Richard Cohen of the *Washington Post* laments today of the deluge of emails he received regarding a recent op-ed of his wherein he criticized Stephen Colbert’s performance at the White House Correspondents’ dinner. Most of the emails, Cohen notes, vituperated. And on account of all of the criticism he received, he concludes that the “left” runs a serious risk of blowing their advantage.

That would be a fine argument if only it had premises. For immediately after claiming this, Cohen writes:

>Truth to tell, I peeked into only a few of the e-mails.

And so he completely undermines his own thesis. The rest of the column confuses the criticism of a few crazies with the very real and intellectually substantial opposition to the policies of the current administration, not to mention, by the way, the behavior of the media in accommodating the administration’s views and the arguments. Cohen ought to know that everyone who stands up in public and pronounces on sensitive topics (such as sports, food, movies or perhaps even religious or political views) invites criticism. Some of this criticism will be silly; it will attack the person rather than the argument. Such criticism, when not offered by a serious person or a political administration, should be ignored.

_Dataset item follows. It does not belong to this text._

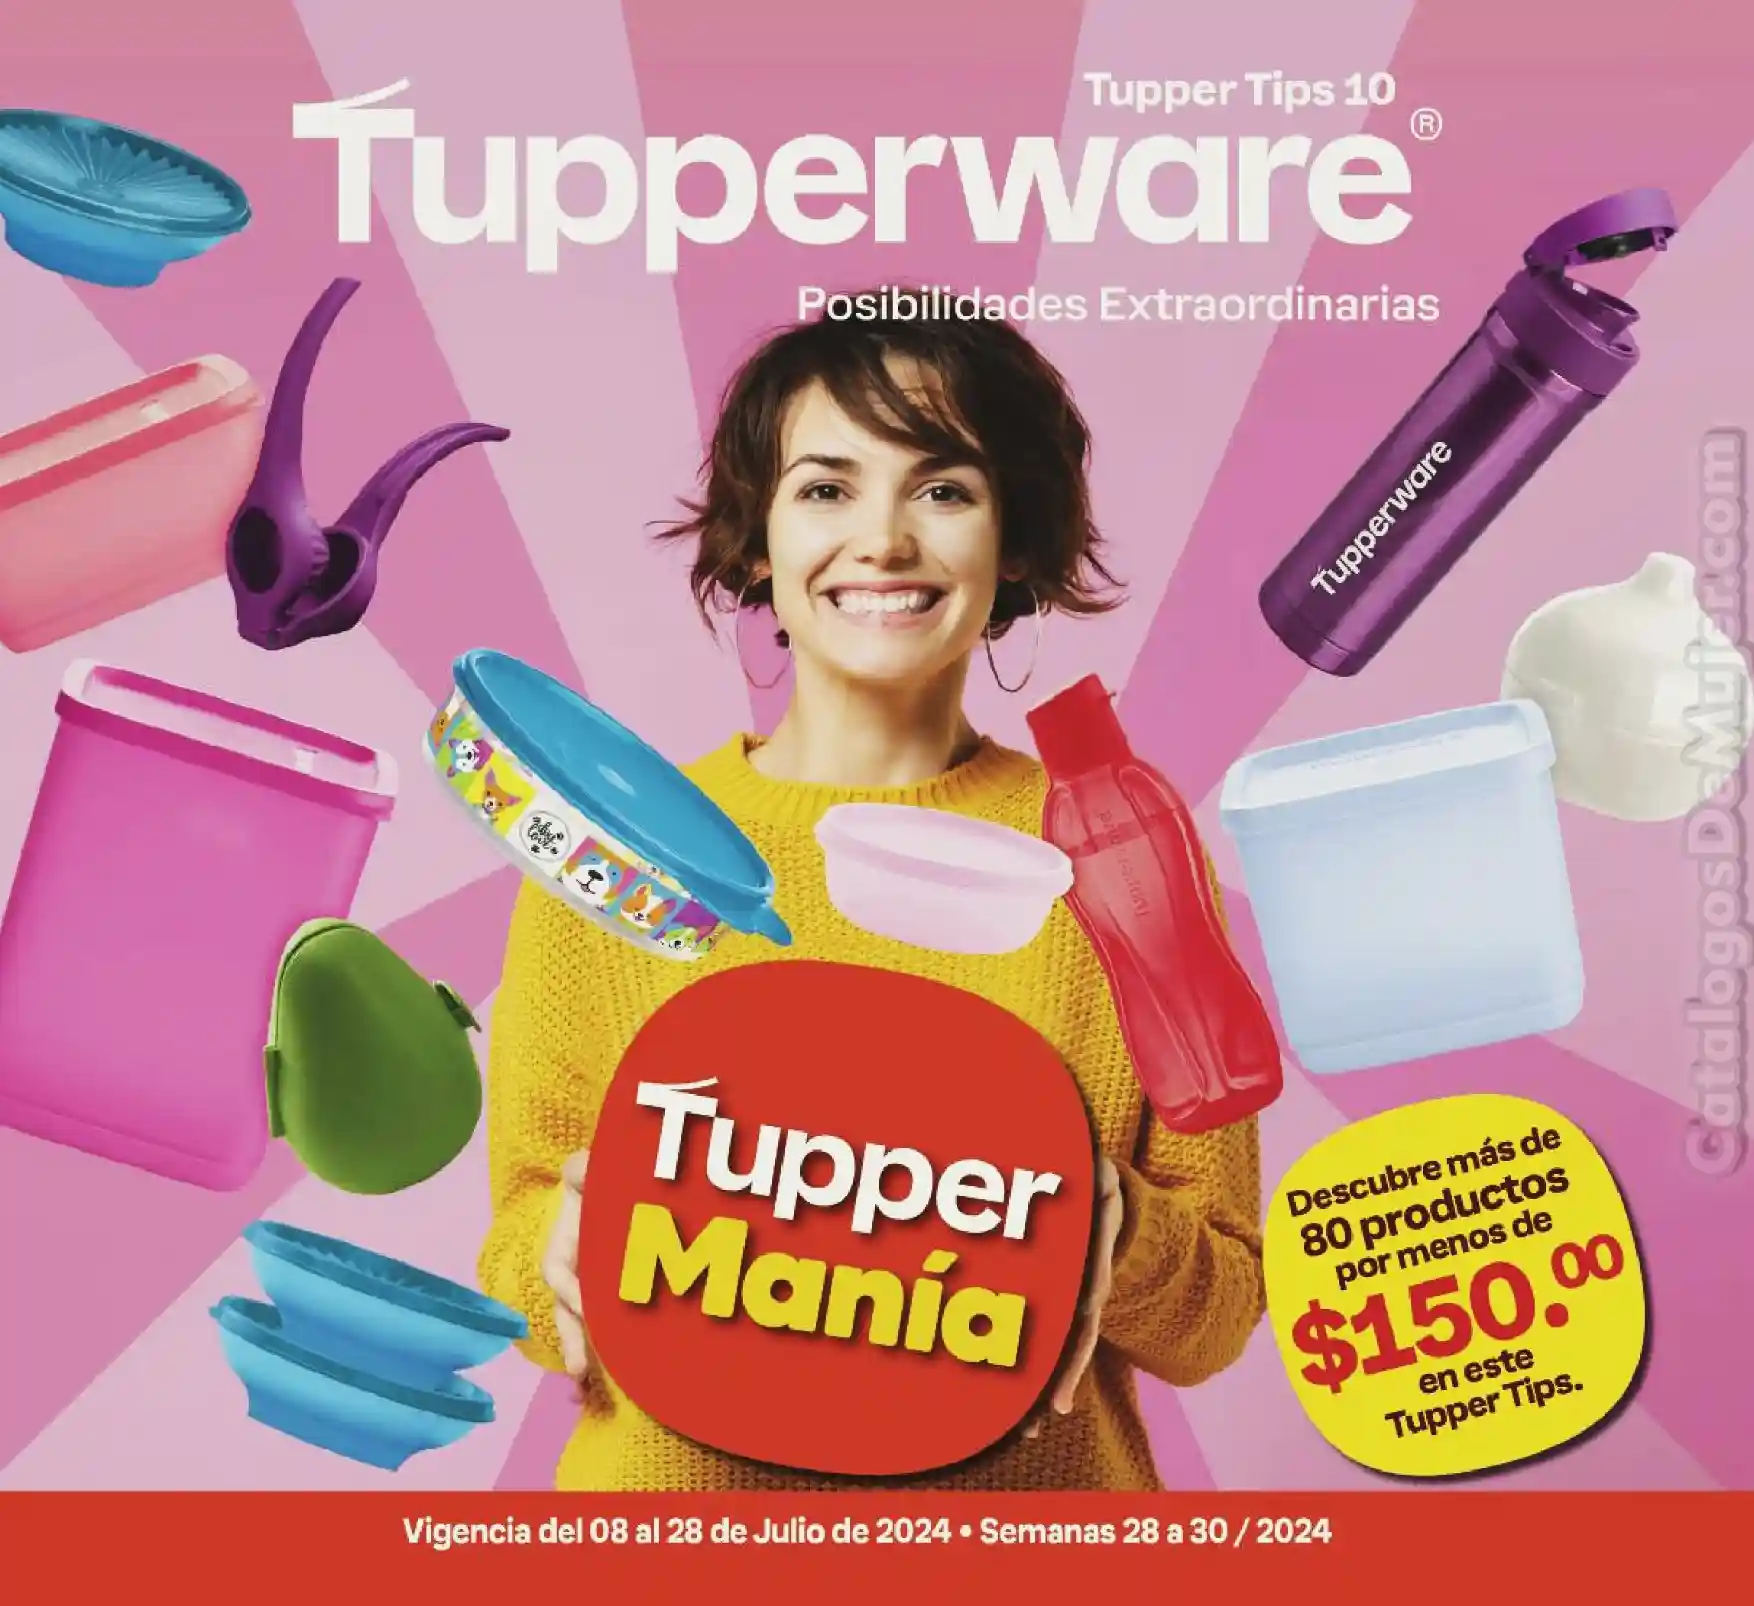 Catálogo Tupperware Tupper Tips 10 2024 México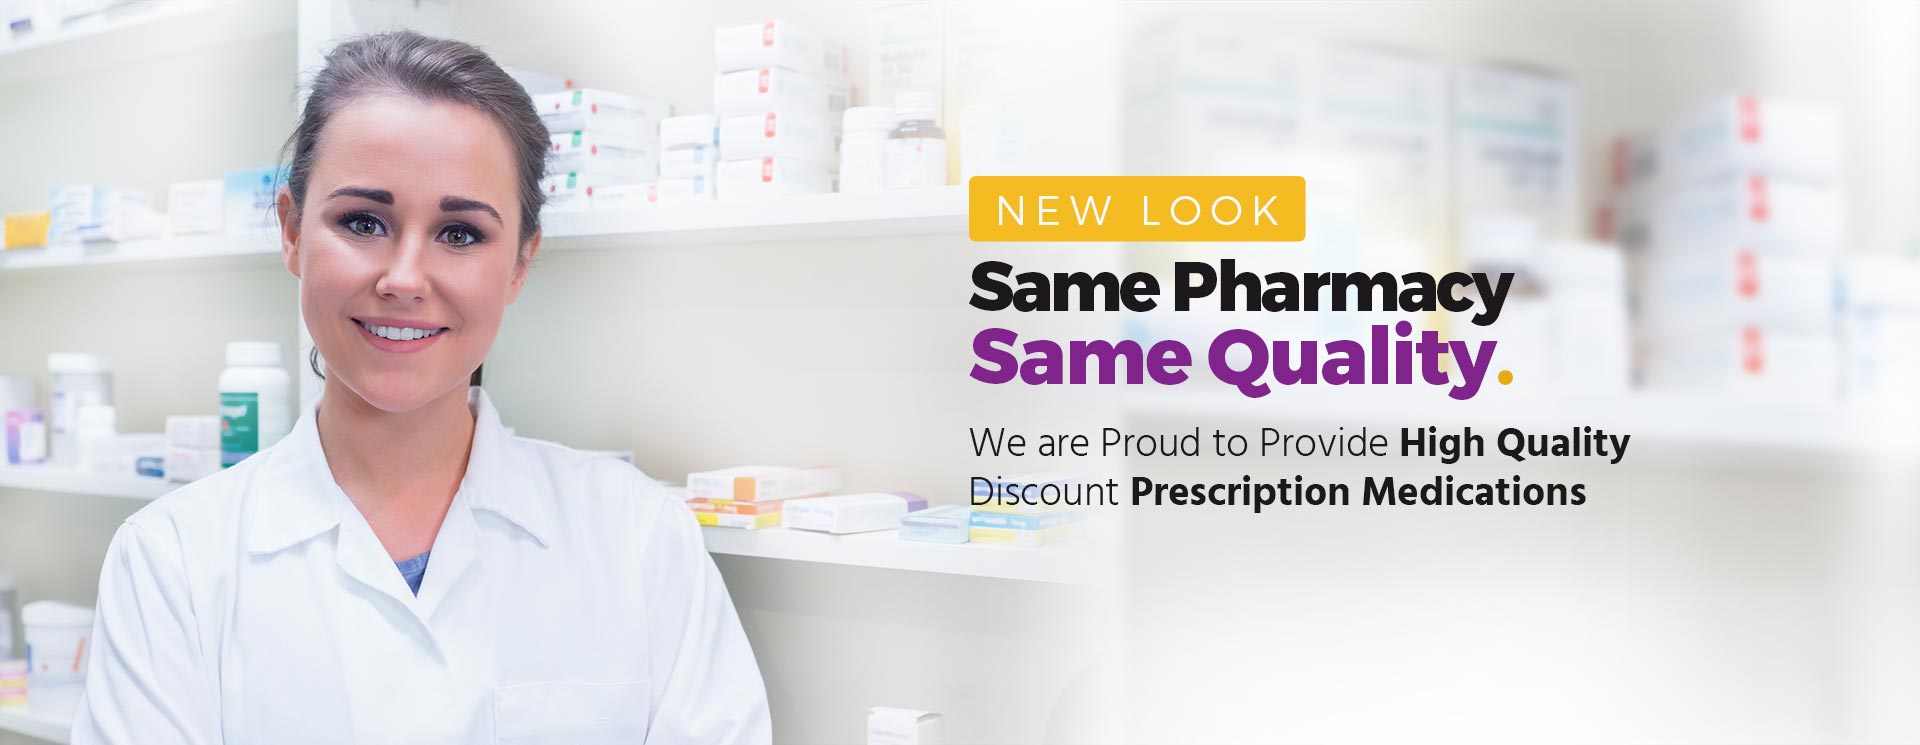 Online pharmacy store

Despite not either facing the real criticism of his performance (*if* there was any) or properly framing the pointless *ad hominem* attacks, Cohen charges on and draws the following comparison:

>The hatred is back. I know it’s only words now appearing on my computer screen, but the words are so angry, so roiled with rage, that they are the functional equivalent of rocks once so furiously hurled during antiwar demonstrations. I can appreciate some of it. Institution after institution failed America — the presidency, Congress and the press. They all endorsed a war to rid Iraq of what it did not have. Now, though, that gullibility is being matched by war critics who are so hyped on their own sanctimony that they will obliterate distinctions, punishing their friends for apostasy and, by so doing, aiding their enemies. If that’s going to be the case, then Iraq is a war its critics will lose twice — once because they couldn’t stop it and once more at the polls.

Let’s get this straight. Cohen concludes that the gullibility of the people whose email he hasn’t read and whose arguments don’t amount to anything compares to the behavior of the institutions that have failed America. That’s just astounding.

If Cohen wants to argue that leftist vitriol is hurting America, then he should do two things: (a) examine the evidence of actual public and prevalent leftist arguments and (b) compare it in quality and in quantity to rightist vitriol. If he did this, no one would wonder why the crazy behavior of a few emailing lefties compares to that of the government and its supporters on the internet, radio and television.

5 thoughts on “Criticism”

  1. Well, to be fair, I think a few thousand emails calling me an idiot would get me riled up too, and I’m a pretty reasonable guy.

  2. “The hatred is back. I know it’s only words now appearing on my computer screen, but the words are so angry, so roiled with rage, that they are the functional equivalent of rocks once so furiously hurled during antiwar demonstrations.”

    I would rather have thousands of angry words on a computer screen than thousands dead in a needless war.

  3. The “unfunny” charges against Colbert’s vicious satire are the lamest response to what apparently many supporters (from vituperous to to just plain righteously indignant) find to be a gutsy and laudable act of political expression that never gets within one hundred yards of any televised presidential event. The organizers of the correspondents dinner just as well might have invited Noam Chomsky to deliver a speech, and now they have to live with their stupid decision that allowed a dangerous commentator into the discourse, who so adroitly exposed the hypocrisy and vacuous insipidity of the Bush administration that the stunned herd animals watched in disbelief and horror–their only recourse to write (days later of course) of the “unfunny” performance.

    I am in no position to directly comment on the true intent of Colbert’s speech, but to me it seemed that Colbert himself was shocked that anyone would allow him that close to the president and a TV camera at the same time. Did anyone watch his show before signing him to this gig?! Colbert said what every American disgusted with the Bush agenda would have liked to say in his place, and he did it under the pretense of humor and satire, an avenue which has become the only sanctioned popular expression of dissent in American politics today. As such, its easy to write off the message as mere jokes, when the content of the jokes speaks more truth than any political speech ever can.

    As for the idiotic hate e-mail sent to Colbert’s detractors: welcome to the world of the internet. As Dr. Casey has remarked in the past, the internet is the Ring of Gyges. But the vitriol Cohen has been witness to is in many ways more real and relevant than the mainstream media commentaries, with their subtle dismissals of the growing resentment and mistrust in the collusion between media and politics.